Im nächsten Jahr feiert Silvio Bircher seinen 70. Geburtstag. Zeit für eine Rückschau für den ehemaligen Aargauer Regierungsrat, Nationalrat und Grossrat. Auf gut 200 Seiten vereint Bircher in seinem Buch «Nah am Zeitgeschehen» ältere Kolumnen und Artikel mit aktuellen Analysen.
«Ich habe aus mehreren Hundert Artikeln die wichtigsten herausgepickt», erklärt Bircher im Gespräch mit Radio SRF. Spannend dabei ist, dass Bircher seine zum Teil über 20 Jahre alten Artikel mit aktuellen Texten ergänzt. «Ich korrigiere mich zum Teil auch selber und zeige, wo meine Einschätzungen falsch waren. Zum Beispiel in Bezug auf Europa nach dem EWR-Nein 1992», so Bircher.
Analysen von Bern über Aarau nach Kirgistan
Spannend ist aber auch die inhaltliche Breite: Neben kantonaler und nationaler Politik berichtet Bircher über sportliche Themen, über Berge, Naturschutz und über seine Einsätze als OSZE-Wahlbeobachter in der ehemaligen Sowjetrepublik Kirgistan vor 14 Jahren. In diesem Kapitel verbindet Bircher seine damaligen Erlebnisse mit einer aktuellen Analyse zum Ost-West-Konflikt und dem Krieg in der Ukraine.
«Ich glaube nicht, dass es einen neuen Kalten Krieg gibt», argumentiert er im Gespräch mit dem Regionaljournal Aargau Solothurn. «Aber ich glaube, dass nun eine längere Phase folgt, in der Russland versucht, seine damalige Stärke wieder zu erlangen.»
Wahlen 2015: «Entscheidende Wahlen»
Das Buch ist also hochaktuell. Das zeigt sich auch im Kapitel über die Schweizer Politik. Silvio Bircher hält die National- und Ständeratswahlen 2015 für eine entscheidende Weichenstellung.
«Aktuell ist vor allem der Nationalrat von einer hauchdünnen Mitte-Links-Mehrheit geprägt. Wenn das ändert, dann dürften sich auch die Machtverhältnisse im Bundesrat ändern.» Kurz nach den Parlamentswahlen wählt die vereinigte Bundesversammlung im Dezember nämlich die Landesregierung.

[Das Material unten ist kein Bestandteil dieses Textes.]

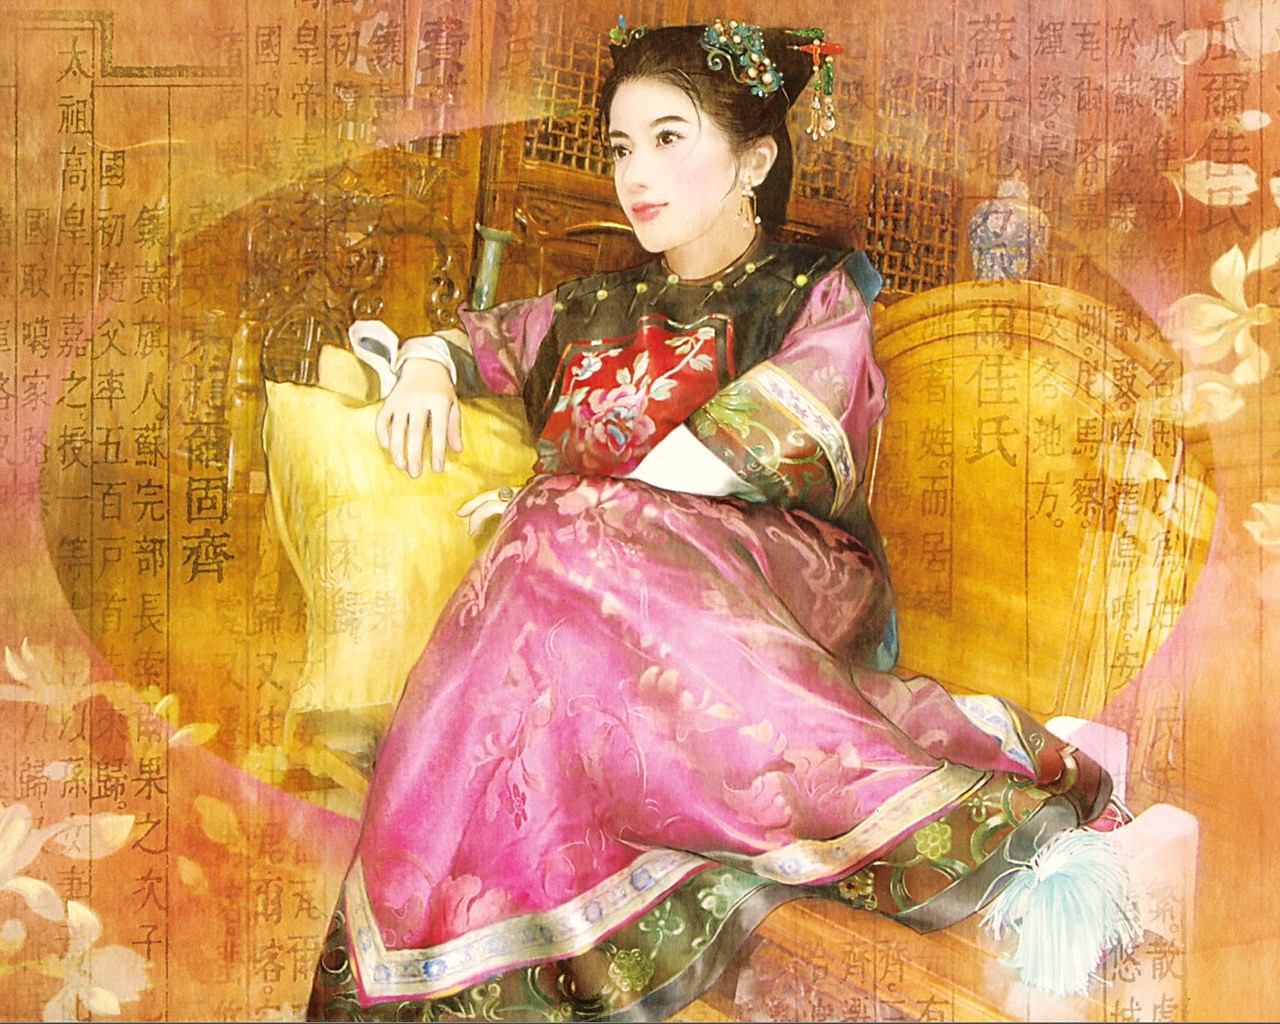 Las mujeres de Pintura Antigua de Escritorio #4 - 1280x1024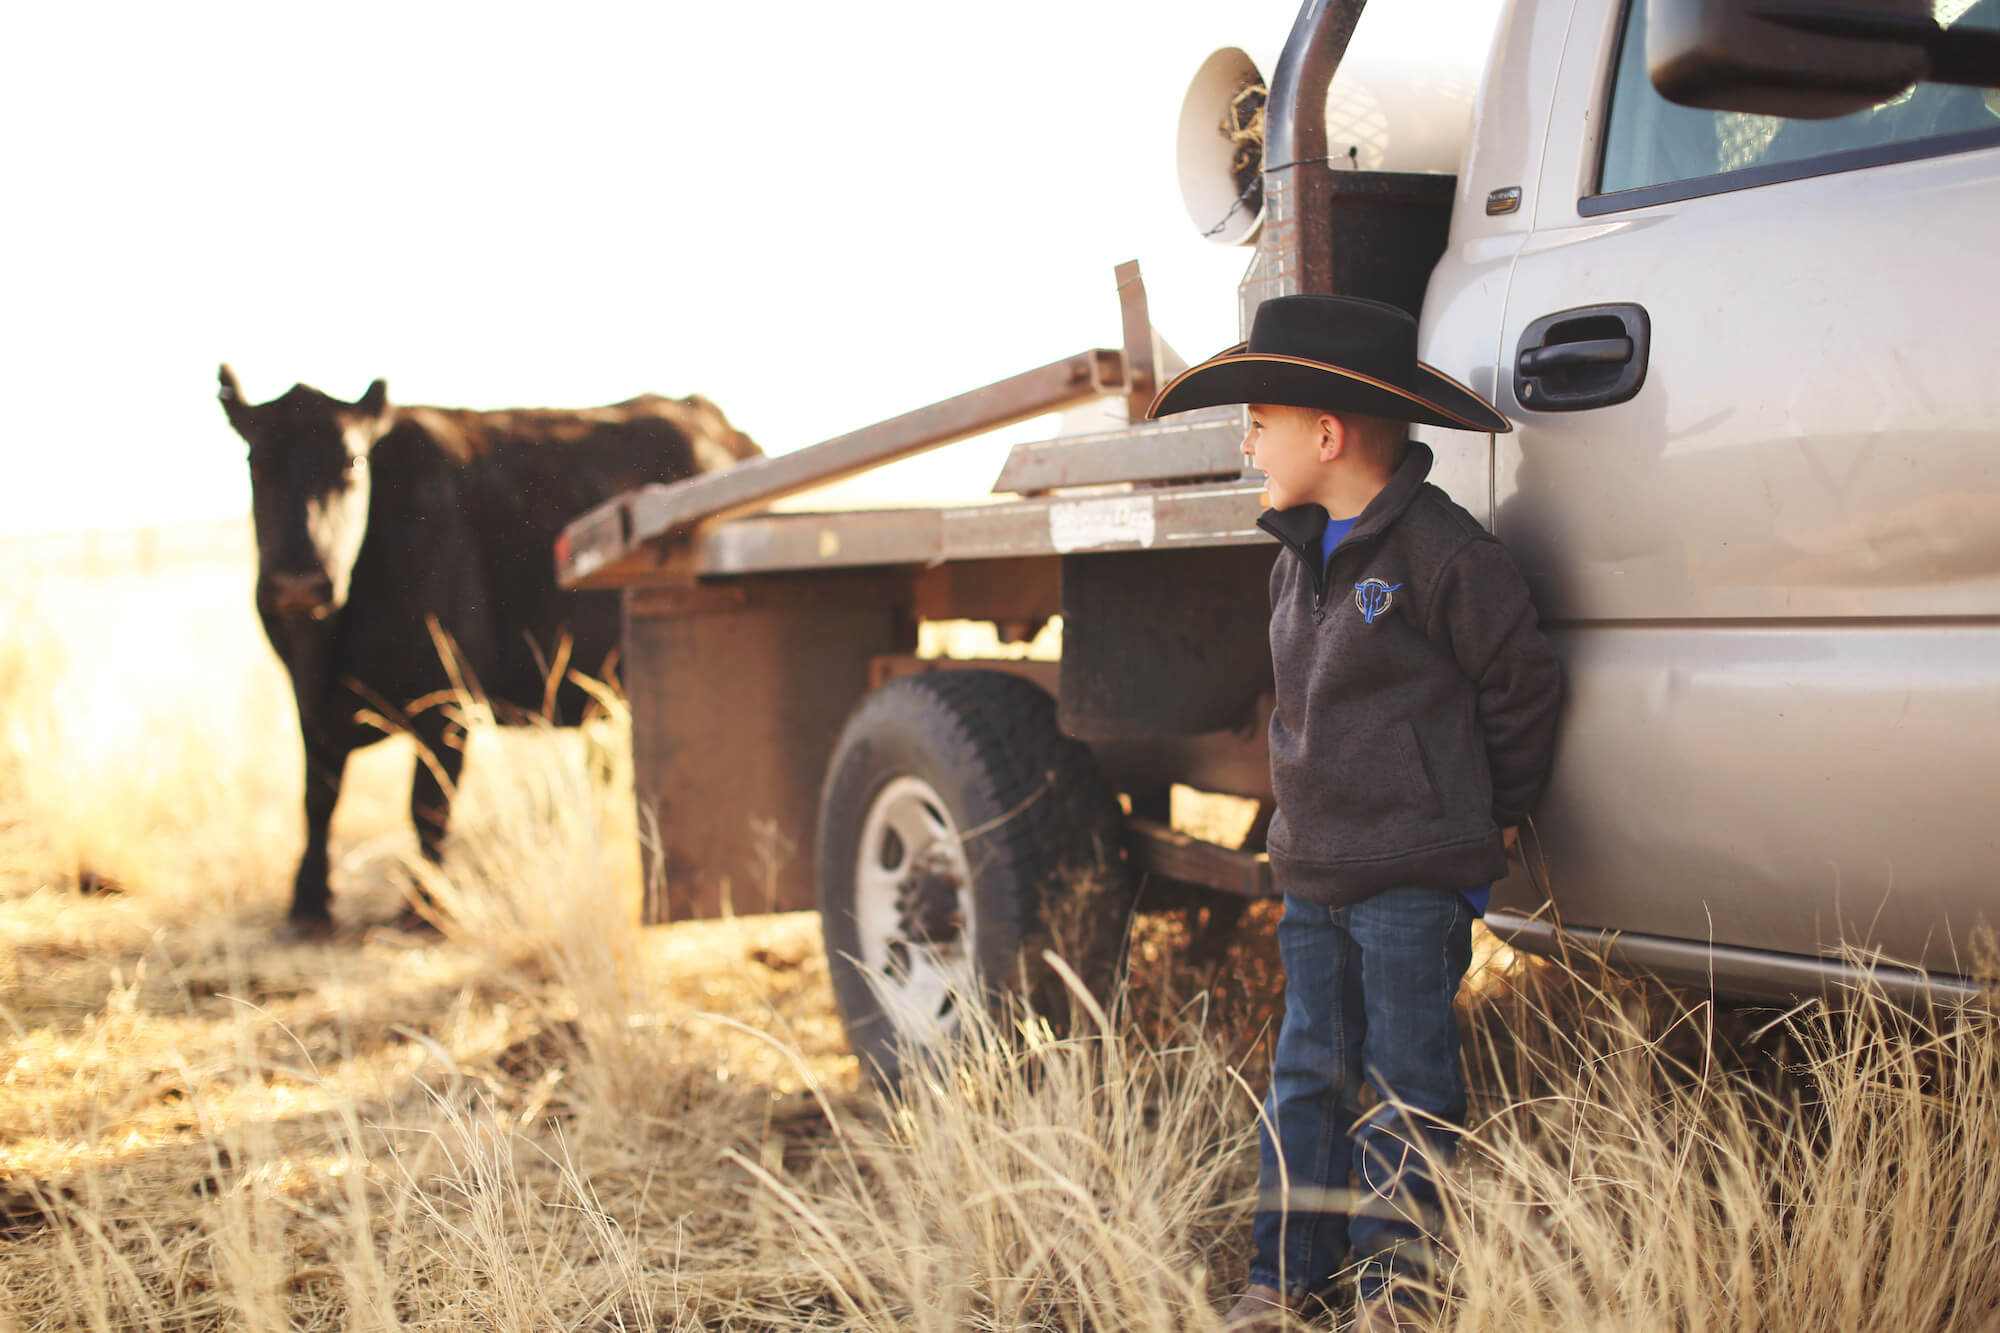 Boy wearing wester wear standing by truck

Viele Jahre lang beobachtete Bircher auch im Auftrag diverser Aargauer Medien die Wahlgänge im Kanton. Er wagt deshalb eine Prognose für die Nationalratswahlen: Der Aargau erhält im Oktober 2015 einen zusätzlichen Sitz in der grossen Kammer, 16 Sitze statt wie bisher 15. «Dieser Sitz dürfte an die CVP gehen», glaubt Bircher. Und fügt sogleich an, dass diese Prognose vielleicht auch etwas gewagt sei.
Bei den Ständeratswahlen wagt Bircher keine Prognose. Der SP-Mann hält aber alle bisherigen Kandidaten für geeignet. «Philipp Müller, Ruth Humbel und Hansjörg Knecht haben alle das Format, um in die kleine Kammer zu wechseln», lobt Bircher die Aargauer Vertretung in Bern.
Gegen die eigene Partei: Lob für Sparbemühungen
Lob erhält im Buch und im Gespräch mit Radio SRF auch die Aargauer Kantonsregierung. Silvio Bircher legt sich dabei auch mit seiner eigenen Partei an. Denn die Sozialdemokraten dürften das angekündigte Sparprogramm der Regierung mit einem Referendum bekämpfen. Bircher aber sagt: «Die Verwaltung hat in den letzten Jahren Speck angesetzt.»
Man müsse zwingend sparen, aber am richtigen Ort. «Die Verwaltung spart nicht bei sich selber. Das Parlament müsste sinnvolle Vorschläge unterbreiten», so Bircher. Dass er mit dieser Meinung der Parteimeinung widerspricht, stört ihn nicht. «Ich habe lange Jahre meiner Partei gedient.» Inzwischen sei er älter, habe ein paar Jahre lang «Weisheit gesammelt» und sage ganz einfach seine persönliche Meinung.